Ah, but here’s the rub: What constitutes a “planned, low-risk” birth? What is an “integrated maternity care system”? And are safety studies from the Netherlands and British Columbia, where home birth midwives are an accepted part of the larger maternity care universe, applicable to the United States, where a tradition of acrimony and mutual suspicion in the childbirthing world has led to a badly fractured system of care?
Here’s just one example of that fracture: while home births are supported in states like Washington, hiring a home birth midwife, no matter how well-trained, is illegal in 10 states including the three I lived in as a child (Iowa, Indiana and Illinois).
This is a set-up for bad outcomes. A home birth midwife working under the radar in Indiana, say, might delay seeking consultation with an obstetrician or transferring a mother to a hospital for fear of prosecution, which in turn could lead to disaster. It’s not that my fellow Hoosiers are any less capable of giving birth safely at home. Poor communication between maternity caregivers increases the risk of delayed and uncoordinated care, making a home birth in Indiana theoretically riskier overall than a home birth in Washington.

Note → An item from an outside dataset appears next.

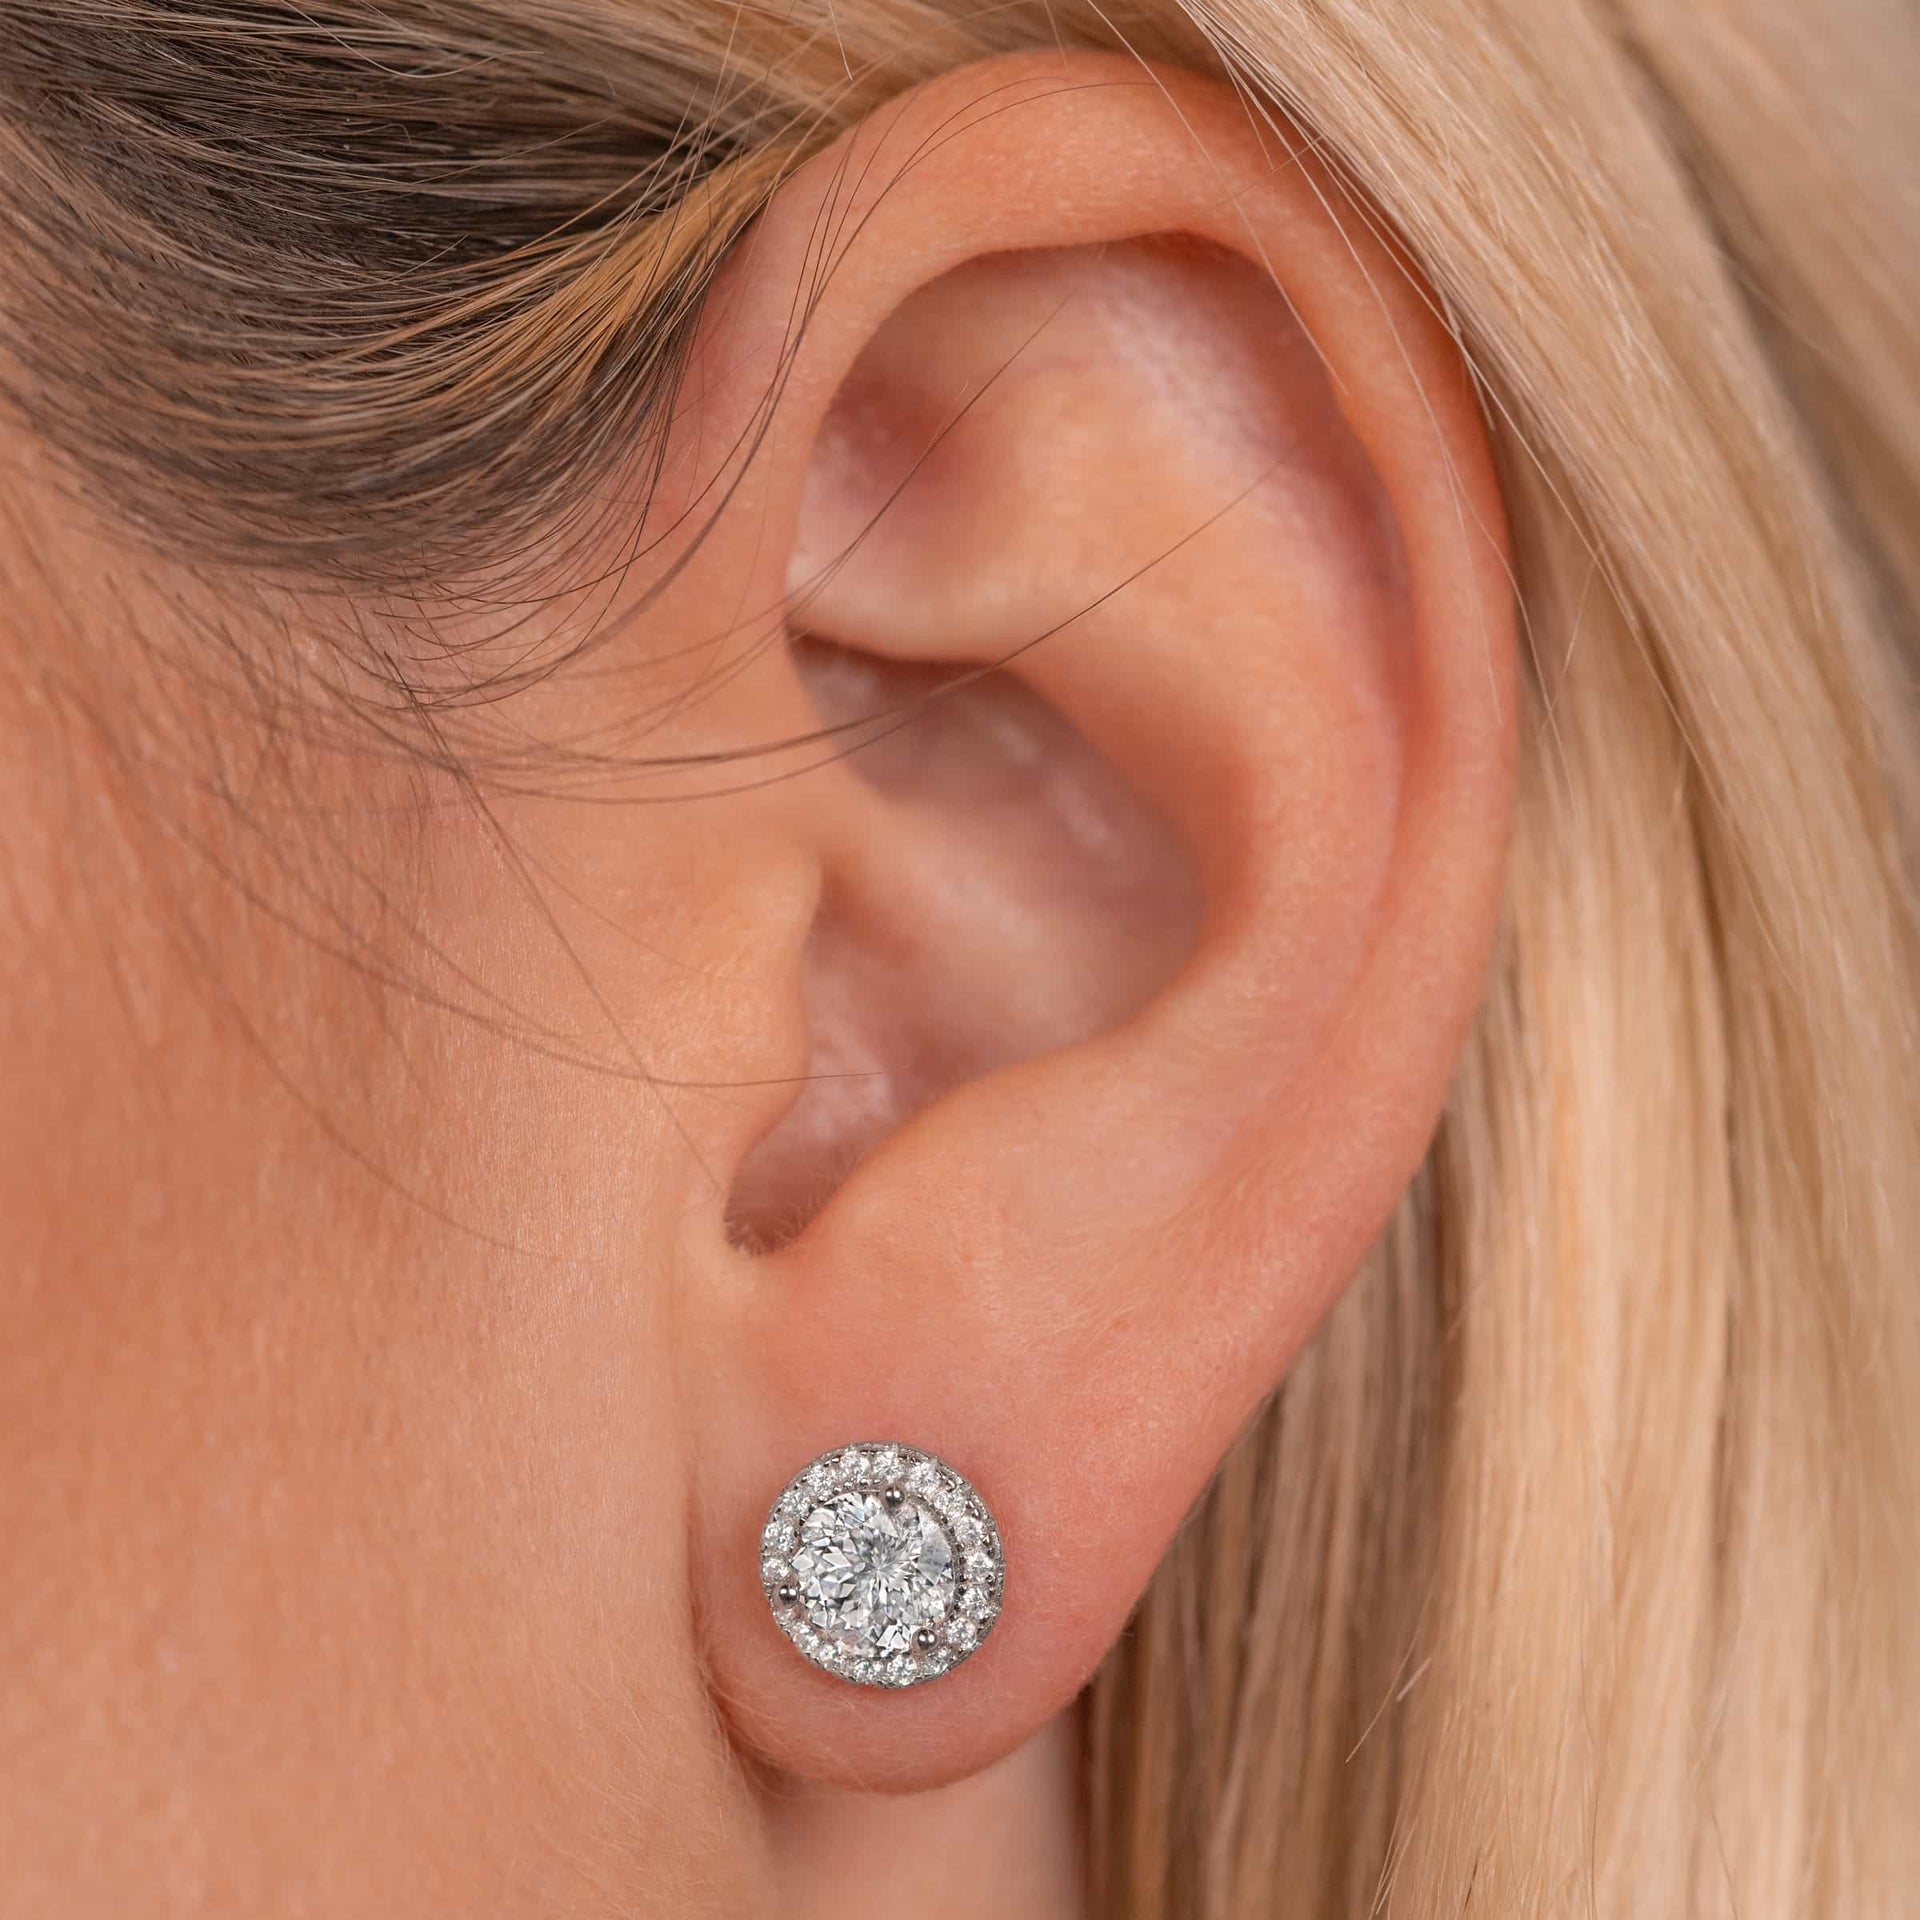 Silver round stone stud earrings

An enormous amount of work will need to be done before home birth becomes a safe option for all low-risk women in the United States, regardless of location. But new research on the benefits of vaginal birth, particularly home birth, for the development of a child’s immune system makes it important that we get started on this critical work now.
And that’s why the vision statements from the Home Birth Consensus Summit are so important. They reflect a set of common agreements among very disparate groups–a big first step in what I hope will be an interesting, thoughtful process leading to healthy outcomes for mothers and babies.